EXERCISE BRIEF: Every line of the entries below from the one containing "- French Humour" to the one containing "Degas Dresser - Be Bold Furniture", both ends included, must be written out exactly. No other line belongs in the answer.

WORKING DATA:
···
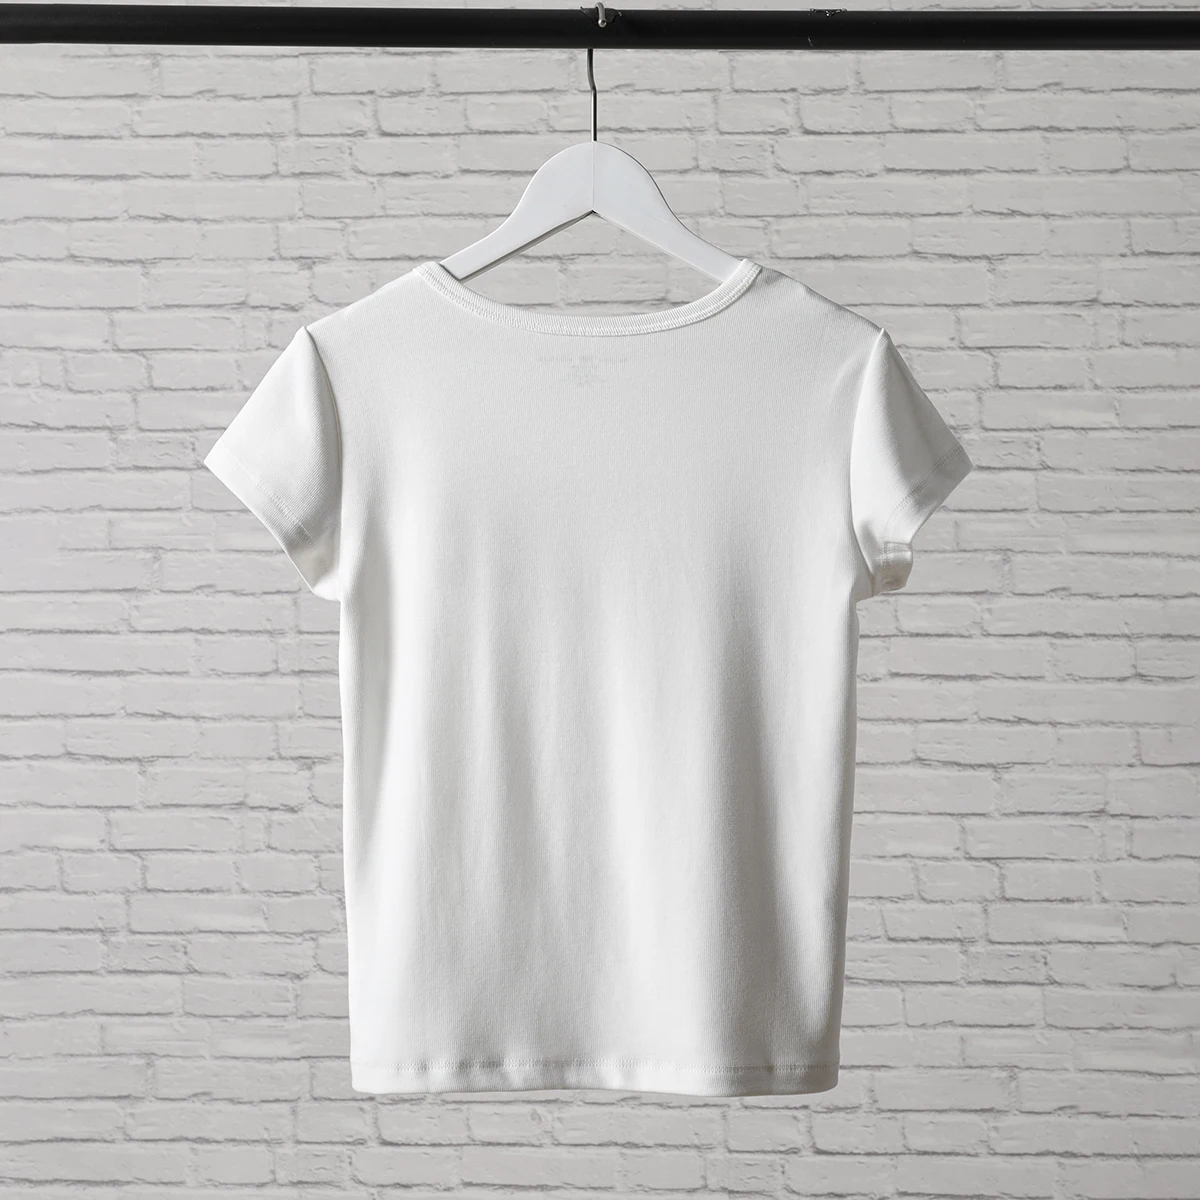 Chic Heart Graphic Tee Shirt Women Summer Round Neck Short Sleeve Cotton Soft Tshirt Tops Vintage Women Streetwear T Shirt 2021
···
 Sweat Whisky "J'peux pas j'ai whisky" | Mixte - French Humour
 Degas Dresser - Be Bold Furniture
···
TASK OUTPUT:
 Sweat Whisky "J'peux pas j'ai whisky" | Mixte - French Humour
 Degas Dresser - Be Bold Furniture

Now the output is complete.